EventID: 1
Shortname: phylohack
URL: http://informatics.nescent.org/wiki/Phylohackathon_1
Original proposal: http://informatics.nescent.org/wiki/Proposal
While powerful analysis tools exist for comparison of evolutionary models, inference of phylogenetic trees, and testing of hypotheses in a comparative framework, these tools can sometimes be difficult to incorporate into automated workflows due to incompatible interfaces and data exchange formats.

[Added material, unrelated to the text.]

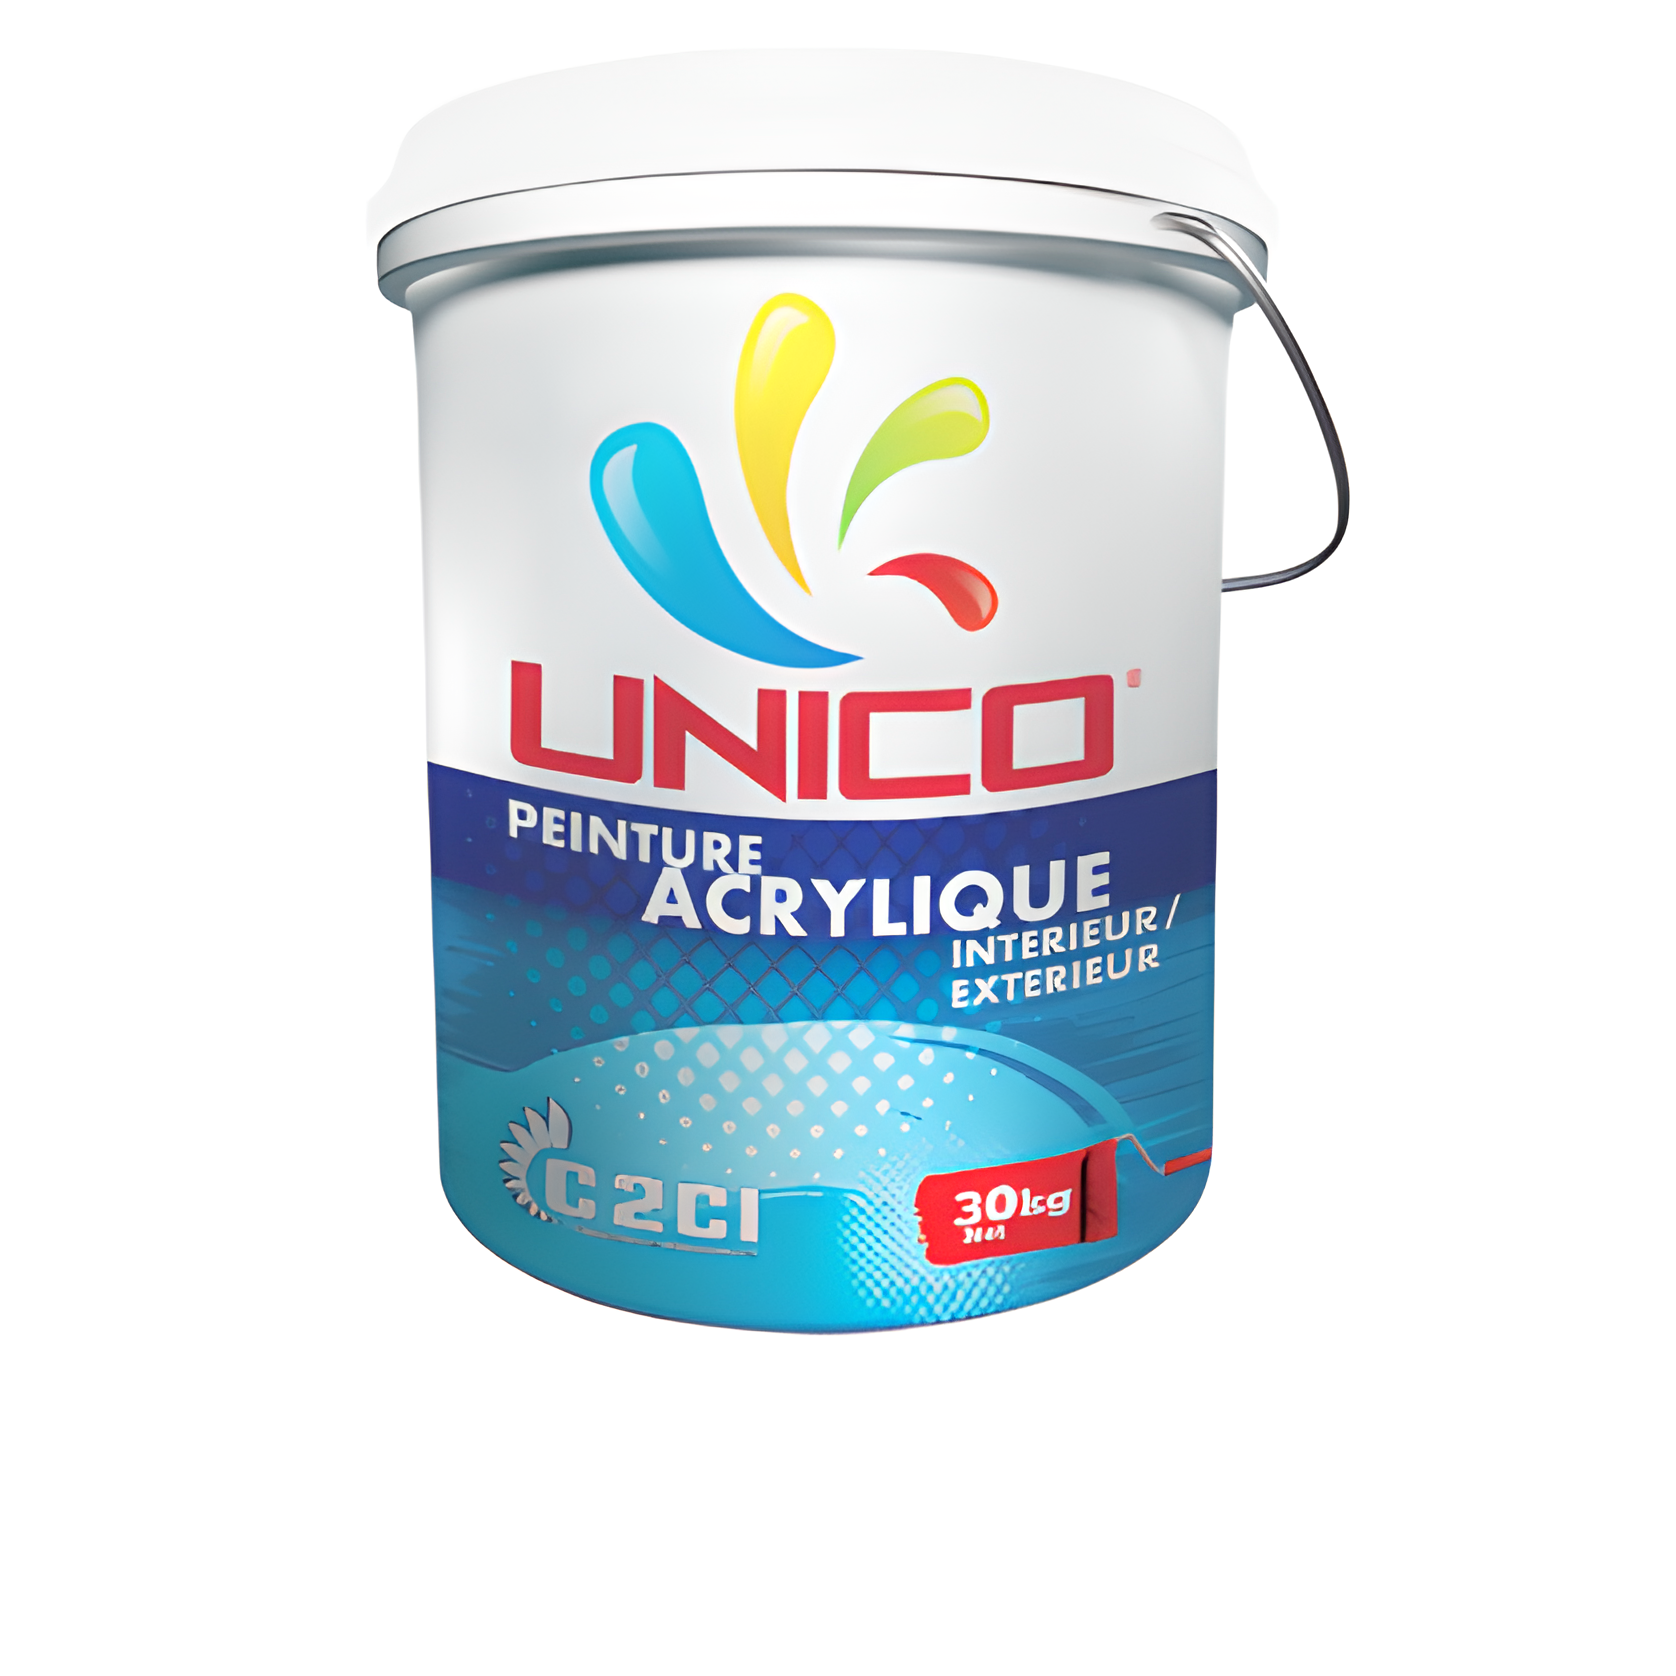 Peinture acrylique UNICO intérieur - extérieur / 30 KG

A number of software development projects have striven to address this issue, for example by creating a modular architecture that the phyloinformatic community can contribute to (e.g. Mesquite, R, Bio* toolkits) or by advocating object and data models that the community can adopt (e.g. BioSQL, BioCORBA, CIPRES).
The widely-used Bio* toolkits (BioPerl, BioJava, BioPython, BioRuby, …) have successfully provided a “glue” that allows interoperability of diverse applications, automation over large scales, and integration of data from diverse sources, primarily in genomics. Other, modular architectures along comparable lines (pise, CIPRES, phycas, mesquite) are in various stages of development and adoption. This wiki, and the “hackathon” it documents, seeks to integrate the knowledge of phylogenetic programmers from these different projects.
The objective of this first NESCent phyloinformatics hackathon was (and is on a continuing basis) on leveraging the Bio* open source software tools to provide the “glue” and lower the barriers for using phylogenetic tools within automated workflows.
This event called them use cases rather than pitches. The link is here: http://informatics.nescent.org/wiki/UseCases. There was also a list of targets.
The documentation page of the hackathon wiki contains a list of projects.